The PGR Numbers, from Mitchell Aboulafia

The results of the latest iteration of the peculiar exercise known as the PGR survey have been slow to appear, but, as the "area" rankings have trickled out, Mitchell Aboulafia has been tracking the participation rate over at Up@Night. And, so far, it does not look good. The most recent area he has mentioned is Philosophy of Language.

As he summarizes the situation:

In 2011 there were 52 evaluators in the Philosophy of Language.

Of these 52 evaluators, 31 did not participate in the Philosophy of Language rankings in 2014.

This is a 60% drop from 2011 to 2014.

There were a total of 27 evaluators in 2014.

This is a net drop of 48% from 2011 to 2014.

In other words, the Philosophy of Language lost 31 evaluators in 2014 and found only 6 replacements.
Other areas have also shown a drop, but this is the worst yet.

Congratulations to everyone who refused to participate.

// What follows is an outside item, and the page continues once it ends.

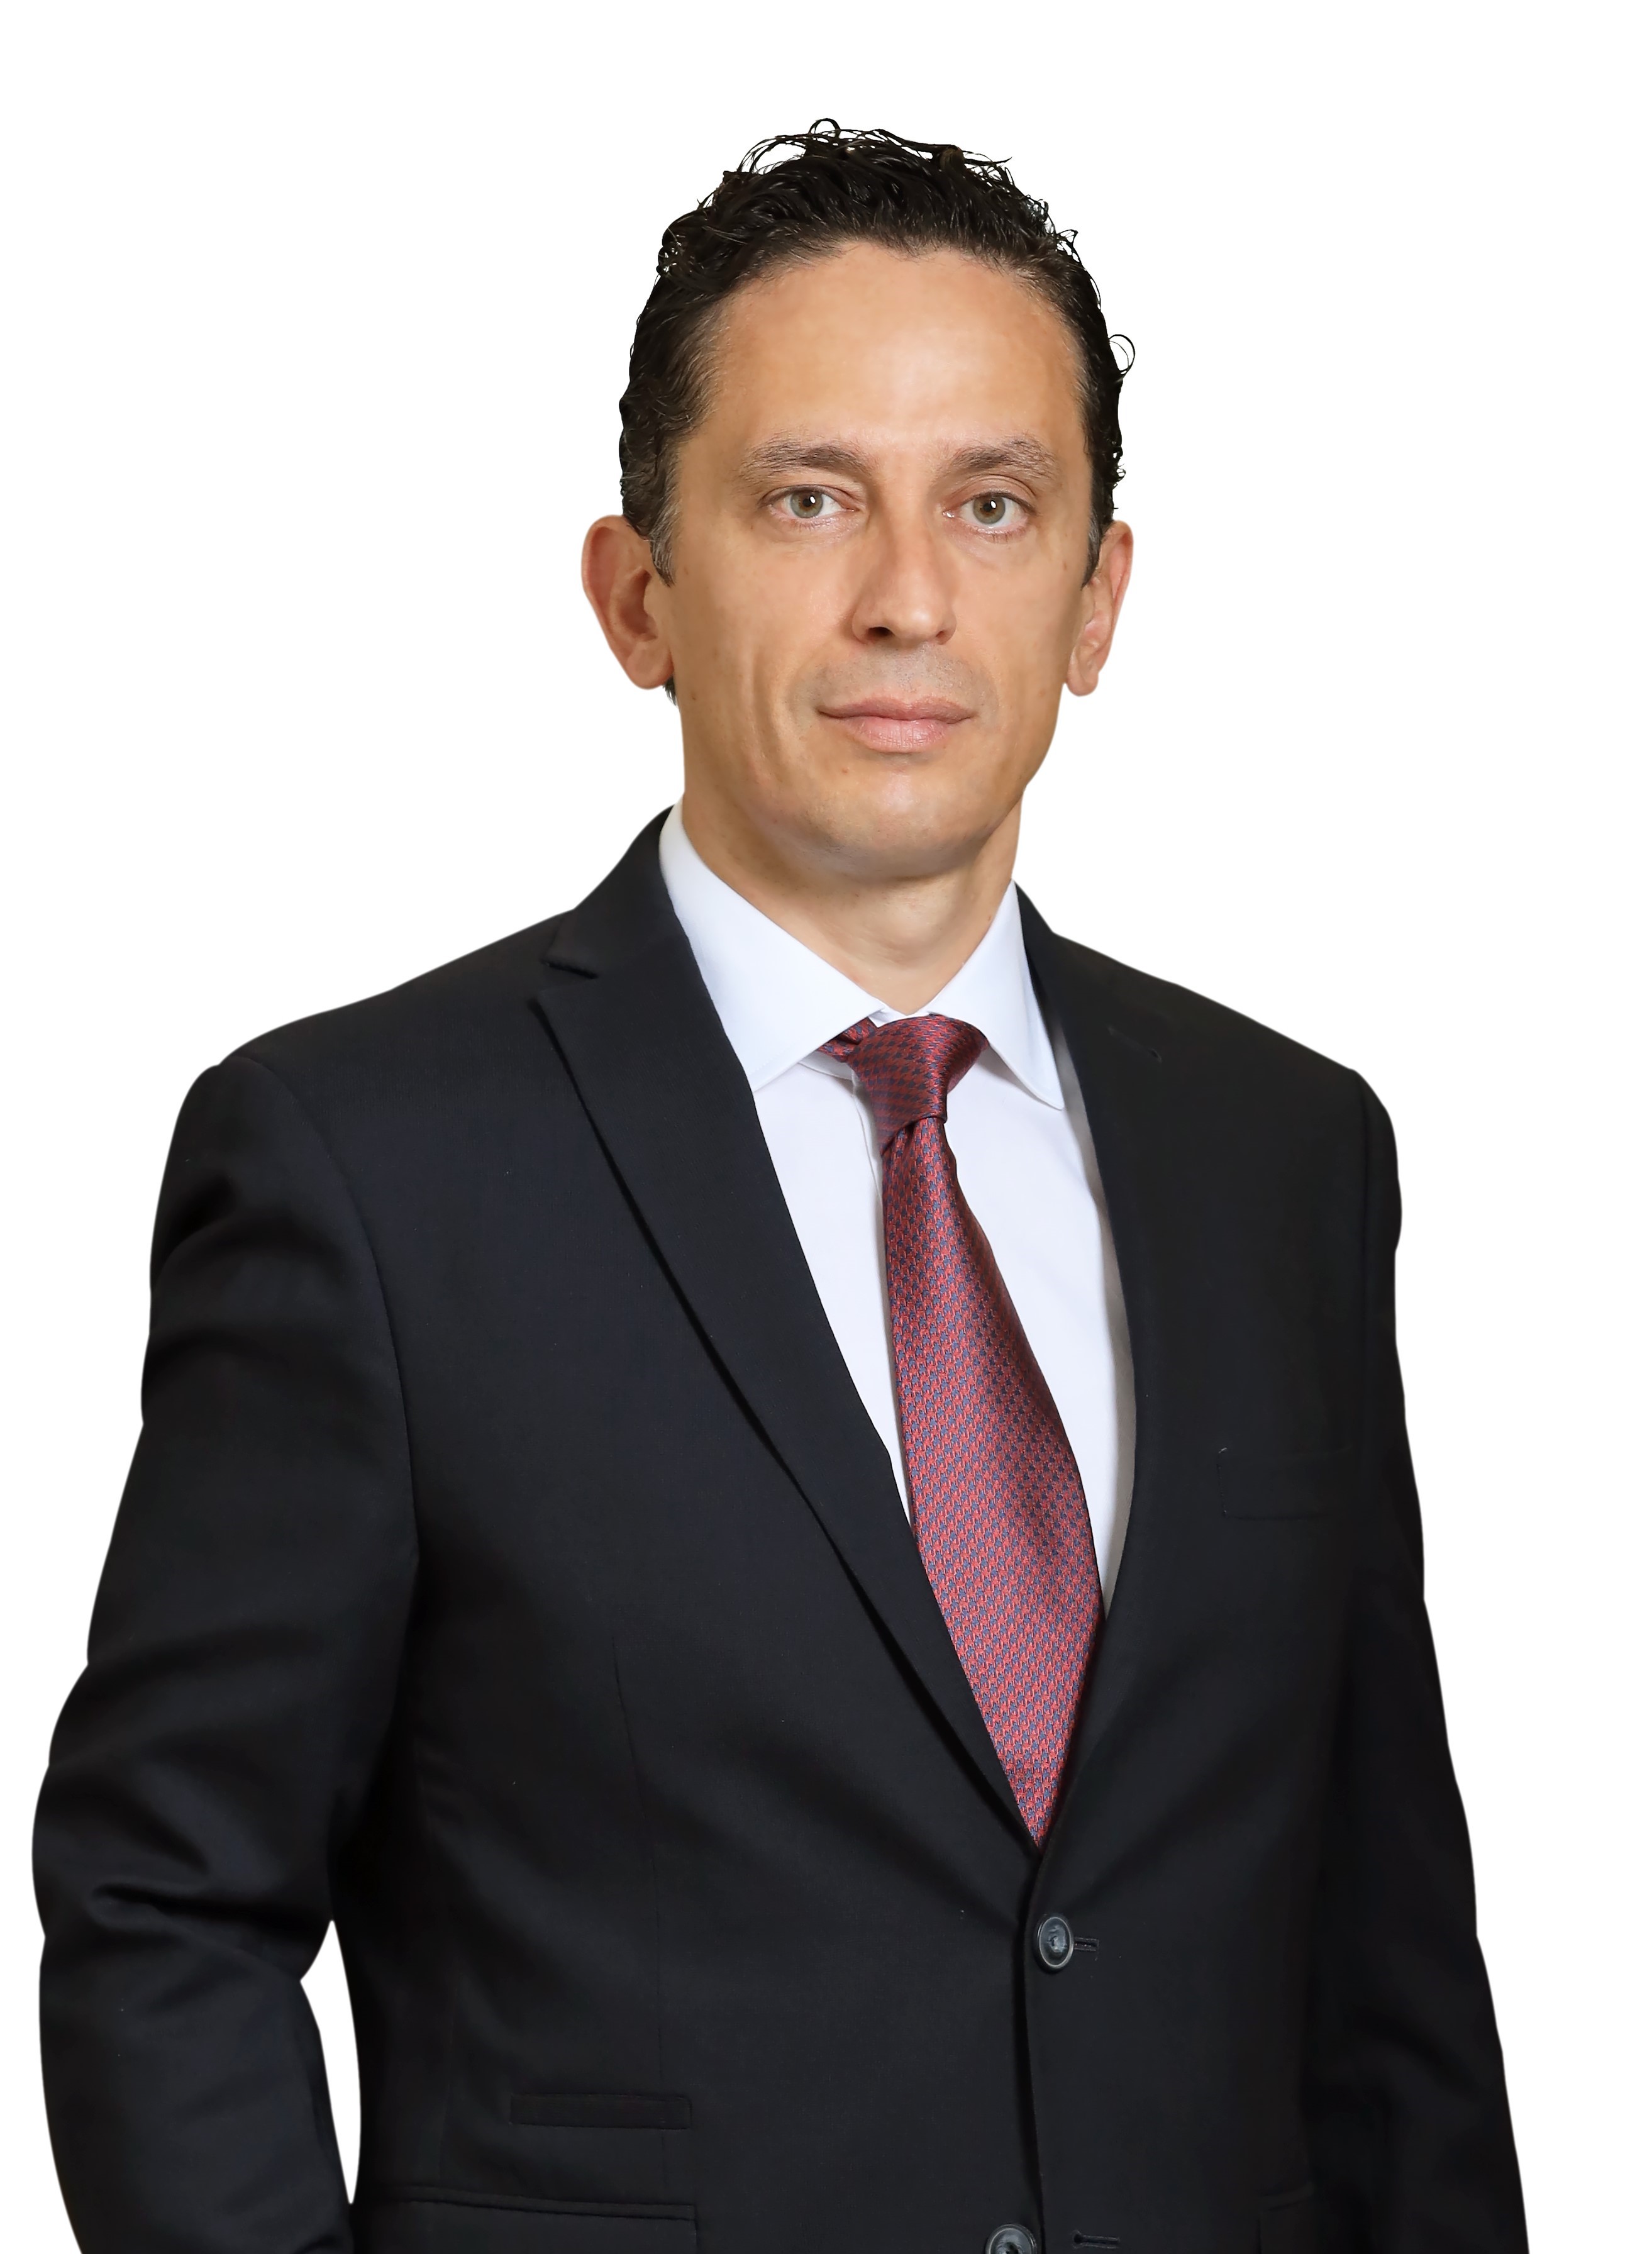 Anadolu Hayat Emeklilik Deputy General Manager Ahmet Altınsoy

Mitchell's other recent articles on PGR are also worth reading:
The most amusing part of these is Leiter's apparent claim (no I won't link to it) that one "big difference between academic law and academic philosophy is that in the former there is far less consensus on scholarly paradigms than in the latter". I confess to not knowing a lot about academic law, but one wonders how much less consensus there could be in any discipline than there is in academic philosophy. Unless, of course, "academic philosophy" means, by definition, only what is done at the "top" departments. And, in particular, whether it excludes, by definition, the sort of work that people like Mitchell do.

No doubt, there is plenty of consensus among the PGR evaluator pool. But that, as has often been pointed out, is not a reflection of reality but a bias that creates the reality it purports to reflect.